# (ENN) Inconceivable! The Princess Bride RPG Is Announced



## TwoSix (Jan 23, 2017)

I'll just be the first to get it in.

"Inconceivable!"


----------



## darjr (Jan 23, 2017)

FUDGE is perfect. Awesome!


----------



## MrFilthyIke (Jan 23, 2017)

"along with plyers wanting to travel to the Pit of Despair, Cliffs of Insanity and Florin City itself"

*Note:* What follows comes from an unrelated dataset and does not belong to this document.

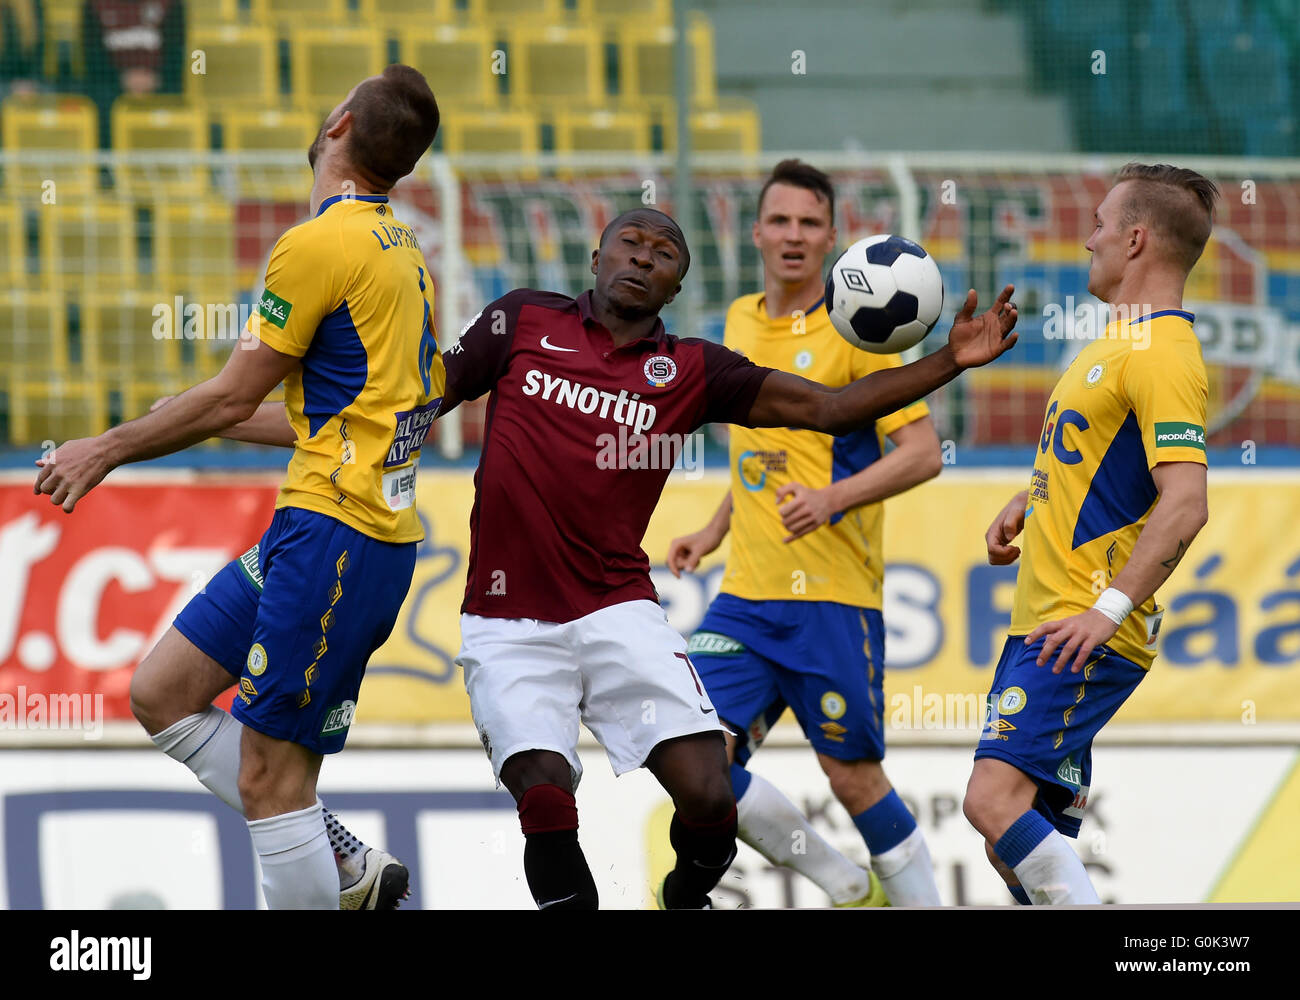 Michael Luftner of Teplice, from left, Kehinde Fatai of Sparta, and Michal  Jerabek and Jakub Hora of Teplice in action during the Czech football  league soccer match FK Teplice vs AC Sparta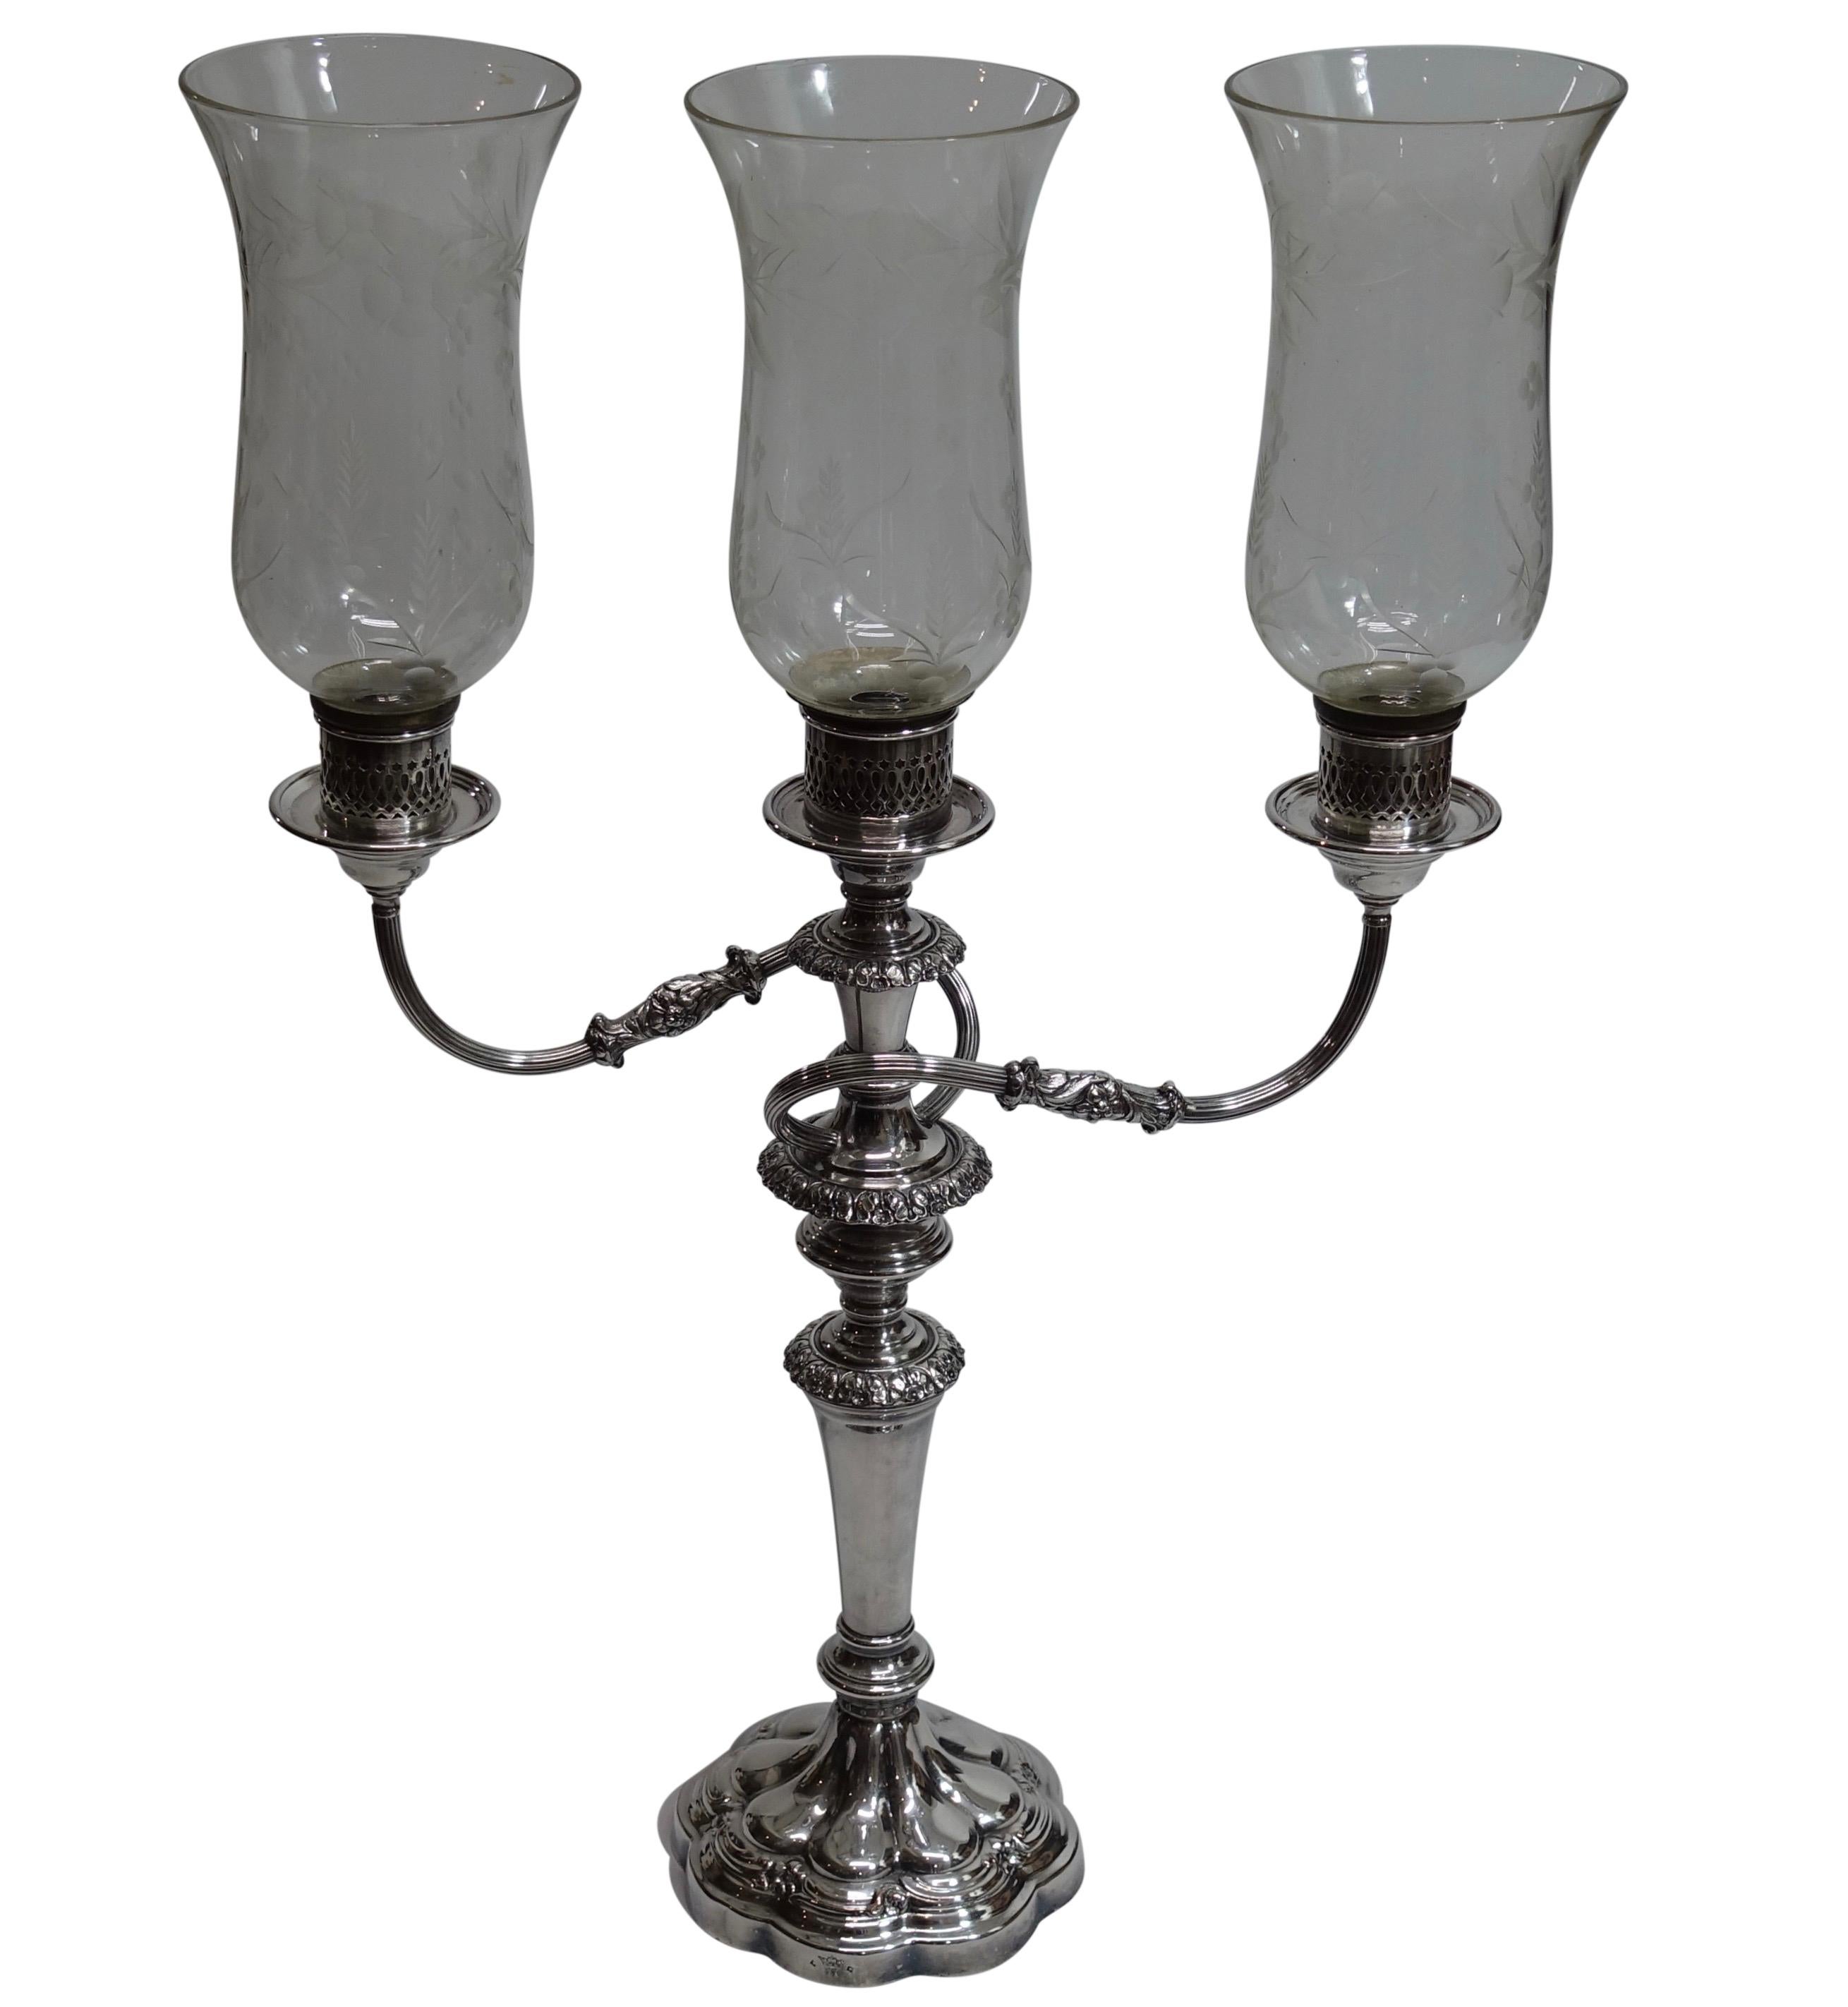 Sheffield Silver Candelabra with Etched Hurricane Shades, English, 19th Century For Sale

Plyrs? We don't need no stinking plyrs!


----------



## AngusA (Jan 23, 2017)

MrFilthyIke said:


> "along with plyers wanting to travel to the Pit of Despair, Cliffs of Insanity and Florin City itself"
> 
> Plyrs? We don't need no stinking plyrs!




Thanks, corrected


----------



## Jinni (Jan 23, 2017)

Have fun stormin’ da castle!


----------



## Vampyr3 (Jan 23, 2017)

TwoSix said:


> I'll just be the first to get it in.
> 
> "Inconceivable!"





You keep using that word. I do not think it means what you think it means.


----------



## Fuseboy (Jan 23, 2017)

What fun! I have no special love for FUDGE, but I'm glad this isn't d20/class/level/xp based, that would make no sense.


----------



## RedBoxDwarf (Jan 23, 2017)

The book is far better than the film, folks.  In fact, a lot of what makes the book so special doesn't even show up in the movie version.

Sigh.


----------



## pemerton (Jan 24, 2017)

My first thought for a system for Princess Bride would be Cortex+.


----------



## Barantor (Jan 26, 2017)

RedBoxDwarf said:


> The book is far better than the film, folks.  In fact, a lot of what makes the book so special doesn't even show up in the movie version.
> 
> Sigh.




Consider it fortunate that at least the movie has the feel of the book. Compared to what they've done to Conan and Starship Troopers it's not that bad.


----------